Essa novidade é parte de uma atualização de design mais ampla da plataforma YouTube, do Google, que será lançada para seus dois bilhões de usuários nas próximas semanas.

As mudanças incluem botões agora redondos para curtir e se inscrever, além da opção de aumentar o zoom nos detalhes de um vídeo. Essas mudanças podem parecer sutis para alguns, mas são o design vencedor dentre mais de 100 propostas distintas. Elas também marcam uma importante mudança estratégica para o serviço de streaming.

Essa preocupação nasceu, em grande parte, por causa da interface utilitária e em blocos do YouTube, que os designers do Google concordam que ficou obsoleta. A impressão foi apenas confirmada pela pesquisa em andamento com usuários. Assim, por meio de uma série de sprints e reuniões de design, a equipe do YouTube reduziu 100 propostas a uma dúzia e depois a apenas uma.

REDESIGN INSPIRADO NA TV

O modo escuro do YouTube, que antes era cinza profundo, agora é preto profundo. Essa escolha foi estratégica. Inspirada no modo como as TVs geralmente são fabricadas – com molduras escuras que ficam em segundo plano para destacar as cores –, a nova interface do YouTube destina-se a tornar cada conteúdo mais vibrante e imersivo.

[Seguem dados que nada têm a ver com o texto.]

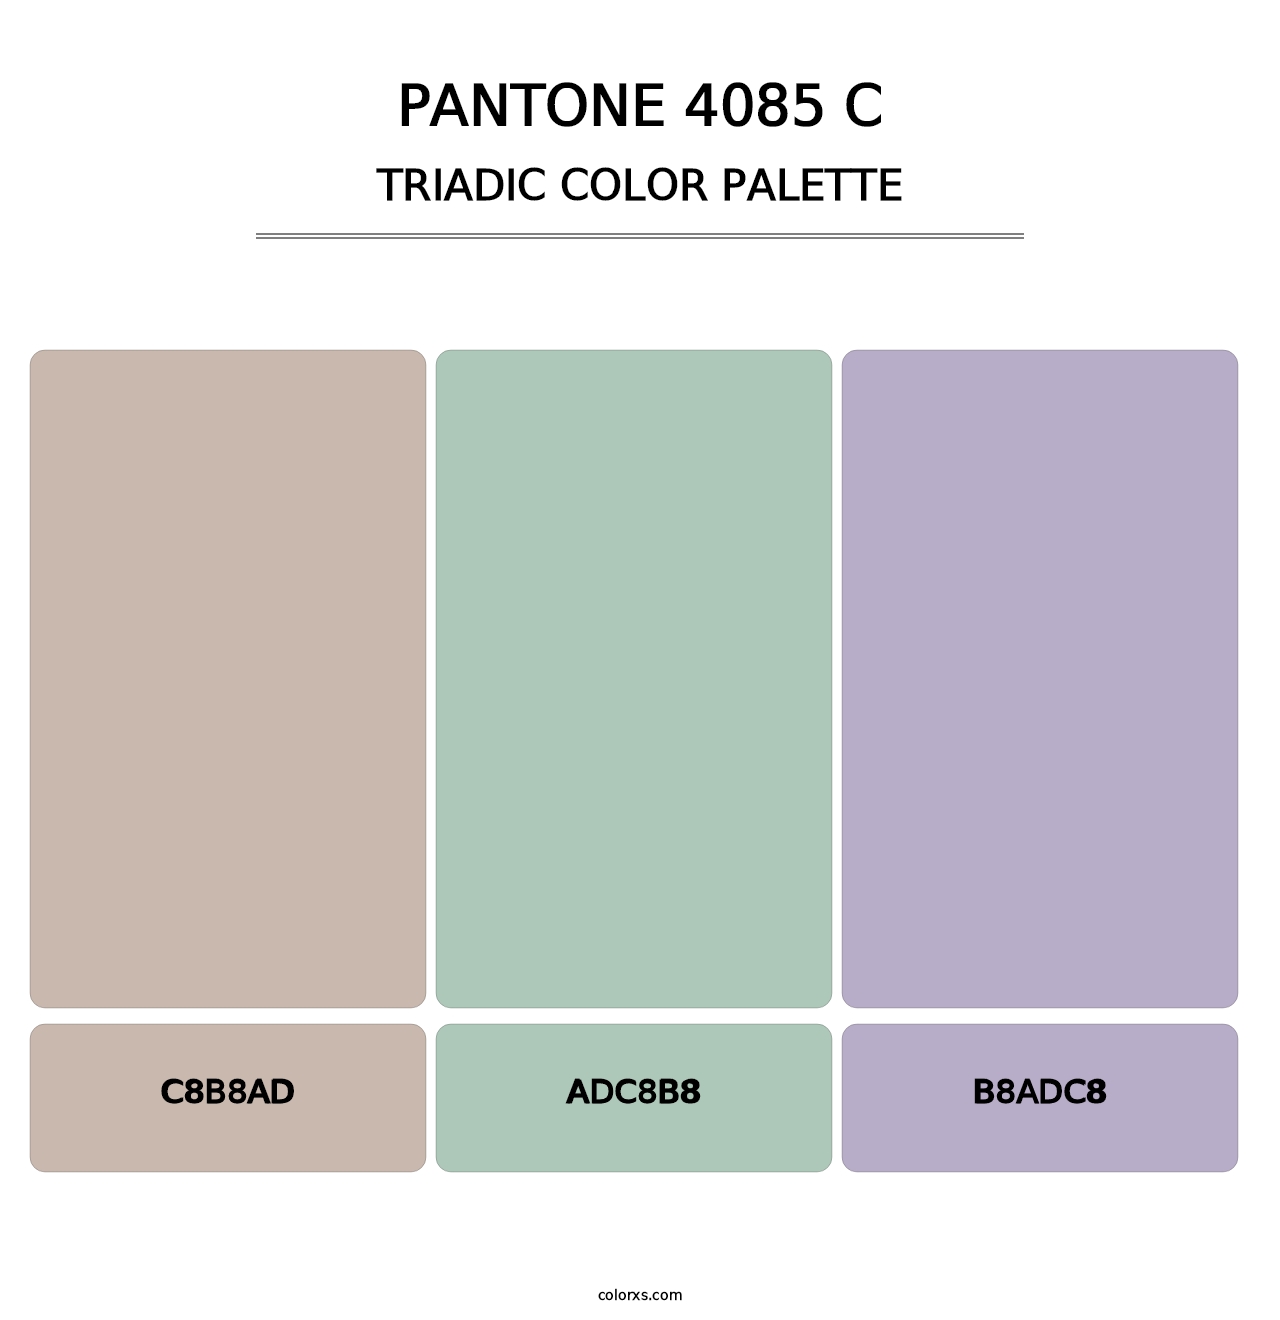 PANTONE 4085 C - Triadic Color Palette

No entanto, a interface é muito mais do que uma moldura preta. Olhando para a borda do vídeo, o usuário consegue realmente ver a cor saindo sutilmente da janela de visualização. Consegue até ver a cor vazando através de alguns de seus botões.

Transmitir e processar dados extras de vídeo é o tipo de desafio que os engenheiros do YouTube preferem contornar, já que o tipo de dispositivo e a largura de banda variam muito entre os usuários ao redor do mundo.

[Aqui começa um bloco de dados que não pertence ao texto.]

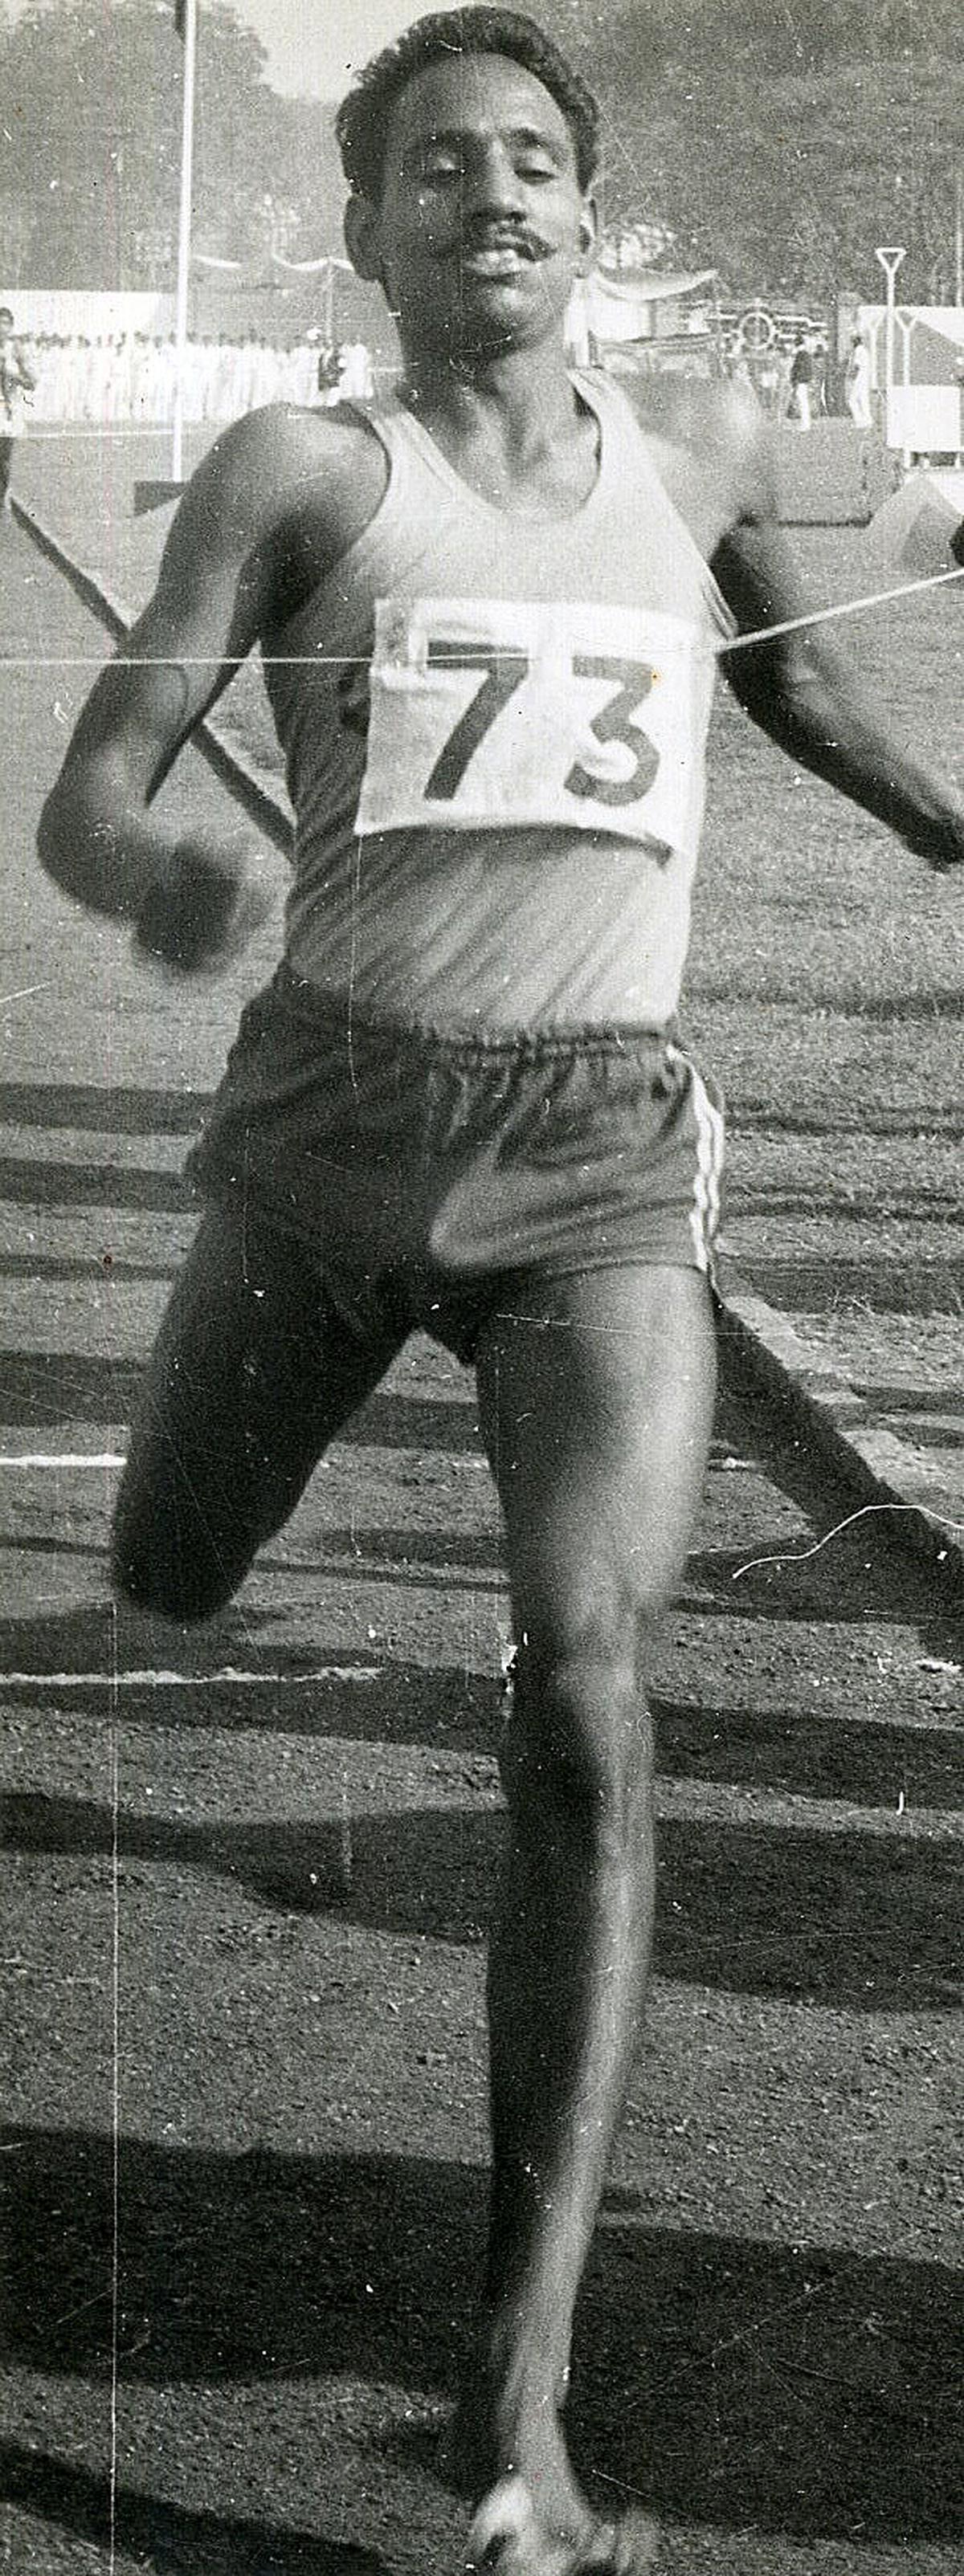 Hari Chand at the Bangkok Games in 1978.

Como solução, o Google substituiu o feed de vídeo em segundo plano pelos mesmos arquivos em miniatura que já estavam sendo puxados para sua barra de depuração, mas ampliados e desfocados em um fundo suave e opaco, para que o recurso não exigisse nenhum download extra para funcionar.

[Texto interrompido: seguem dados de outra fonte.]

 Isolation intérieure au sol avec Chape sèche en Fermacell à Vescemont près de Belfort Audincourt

O ENGAJAMENTO ENCONTRA O CONFORTO

Além de recriar a experiência de assistir um vídeo, os designers também redefiniram a hierarquia de informações na tela. A mudança mais nítida é que o criador do vídeo foi movido para o topo da página e agora está ancorado com destaques abaixo do vídeo, enquanto o botão de inscrição fica ao lado do nome.

O tratamento brilhante do novo botão de inscrição quase salta da página, atraindo sua atenção para o clique. Já os botões de “gostei” e “não gostei” desceram uma fileira, com o baixo contraste deixando-os mais discretos.

Os botões retangulares e miniaturas dentro do aplicativo receberam um tratamento de canto arredondado. Sim, esse arredondamento é relativamente discreto, mas os designers insistem que a sutileza é exatamente o que as pessoas preferem. Um conceito amado, internamente apelidado de Bloobtoob, levou a estética arredondada ao extremo, com miniaturas borbulhantes e menus suspensos.

Mas o que mais gerou elogios ​​foram os muitos confortos adicionados à interface. Agora o usuário pode escolher o ponto do vídeo deslizando a barra inferior com o polegar, sem acionar um monte de outros controles que distraem.

Para vídeos mais longos, que impossibilitam a depuração precisa porque o menor toque do dedo pode avançar minutos em vez de segundos, foi criada uma “visualização em tira de filme” que permite escolher o ponto do vídeo com a precisão de um quadro.

No entanto, a atualização mais apreciada talvez venha a ser simplesmente a possibilidade de fazer zoom nos vídeos, para distinguir detalhes mais finos enquanto se assiste ao conteúdo – o que imagino que será tão benéfico para tutoriais de decoração de bolos quanto de dicas de reparo de bicicletas.

O Ambient Mode (modo ambiente) tem como objetivo fazer com que a experiência de uso do YouTube se pareça com a de assistir à TV preguiçosamente do sofá, mas as ferramentas de zoom e o botão para se inscrever nos canais imploram por mais interação, atenção e engajamento. São lembretes de que o YouTube, no fim das contas, é sempre alimentado pelo usuário.